Mouraine Is Keeping The Dream Alive

The rapper solidifies his presence as an active leader in Edmonton's hip-hop community.

by Glenn Alderson

Mouraine’s latest may be called Bigger Dreams but the Edmonton rapper certainly isn’t living with his head in the clouds. In fact, Mouraine is about as real as it gets and continues to be a dominant figure representing hip-hop in Alberta with earned confidence.

If you’re not familiar with the rising emcee, Moraine immigrated to Canada from Northern Sudan with his Mother and siblings after they were forced to seek asylum. Displaced on the prairies, Mouraine spent his formative years immersed in skateboard and hip-hop culture. With his unique outsider perspective he was often playing the role of the observer, which is likely what makes him such a great storyteller. 

Bigger Dreams is full of quality rhymes and big sounds loaded with authentic energy. Mouraine mixes his sessionable flow with a modest bravado, recalling the likes of rap superstars Big Sean or Pusha T, both of whom Mouraine has performed alongside as the opening support on past bills. 

The new EP kicks off with “Badmon,” a dark and bass-heavy single with elements of trap and an earworm chorus. Recorded at Atreus XO with Graham Smith, the production is thoughtful and varied with downtempo tracks that would pair well alongside a light indica hybrid, while others on the album have the potential to get any dance floor moving. Mixed and mastered by the Grammy nominated G.O.O.D Music producer Mike Snell (Kanye West, Teyana Taylor), the tracks pack a professional punch, making groovier songs like the eponymous “Bigger Dreams” vibe comfortably next to J Cole or Mac Miller on your next rap tracks playlist. 
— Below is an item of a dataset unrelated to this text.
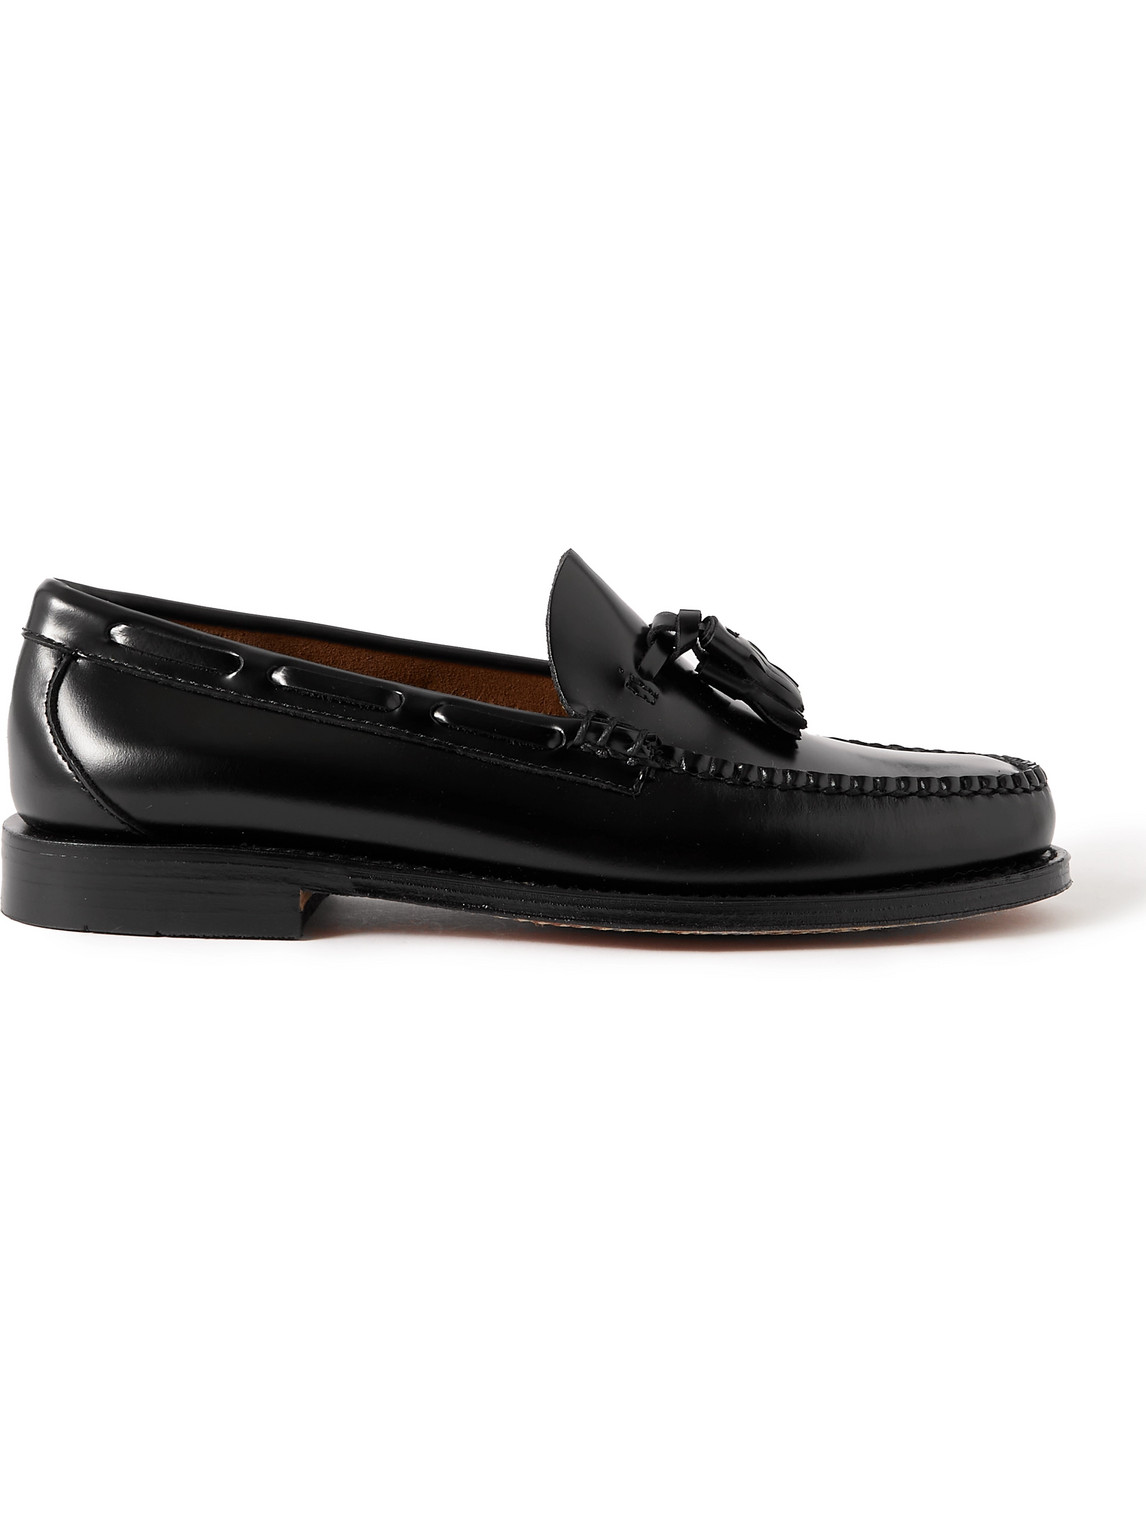 G.H. Bass & Co. - Weejuns Heritage Larkin Glossed-Leather Tasselled Loafers - Men - Black - UK 7 von G.H. Bass & Co.

Continuing to build his legacy locally in Edmonton, Mouraine is rising up and out of the prairies. We caught up with him to find out what moves him musically while he highlights some of his favourite emcees who are working alongside him to put the City Of Champs and Alberta as a whole back on the map

When did you decide you wanted to be a rapper? 

When I was going into junior high school, around Grade 7. I used to watch rap videos and BET every day after school and remember wanting to perform like Eminem and 50 Cent.

What kind of music did you listen to growing up?

I listened to a lot of hip-hop, but also what was playing on the radio mostly. I love all types of music though. Music is whatever warms your soul.

How would you describe your style as a rapper?

I think my style as a rapper is very unique because I’m just being myself. I don’t try to rap or fit into a cliche. Like, I made a song about my 1998 Chevy Malibu “Hoopty.” I don’t think a lot of people are willing to do such a thing.

What is the biggest misconception about the rap music scene in Alberta? 

I don’t think it’s a misconception but the rap music scene in Alberta isn’t as acknowledged as it should be, because most people don’t know it exists out here. I see it on a lot of famous artist’s faces. Every time they come here for a concert and it sells out, they are blown away by the culture that is out here.

Who are some emcees in Alberta that we should be paying attention to?

Arlo Maverick is most likely the most important man in the history of Hip hop in Alberta. Cartel Madras have a unique mix of house and hip-hop that can be played at your local college party and everyone would vibe out. Moto is most likely one of the most talented artists out of Alberta. He is only 22 but can go toe-to-toe with anyone on the A-list. The way DaKidT raps, you can hear his lyrics come directly from the heart. Erick Rush is also super talented. I feel like in the next few years he will be a household name in the Edmonton music scene for sure.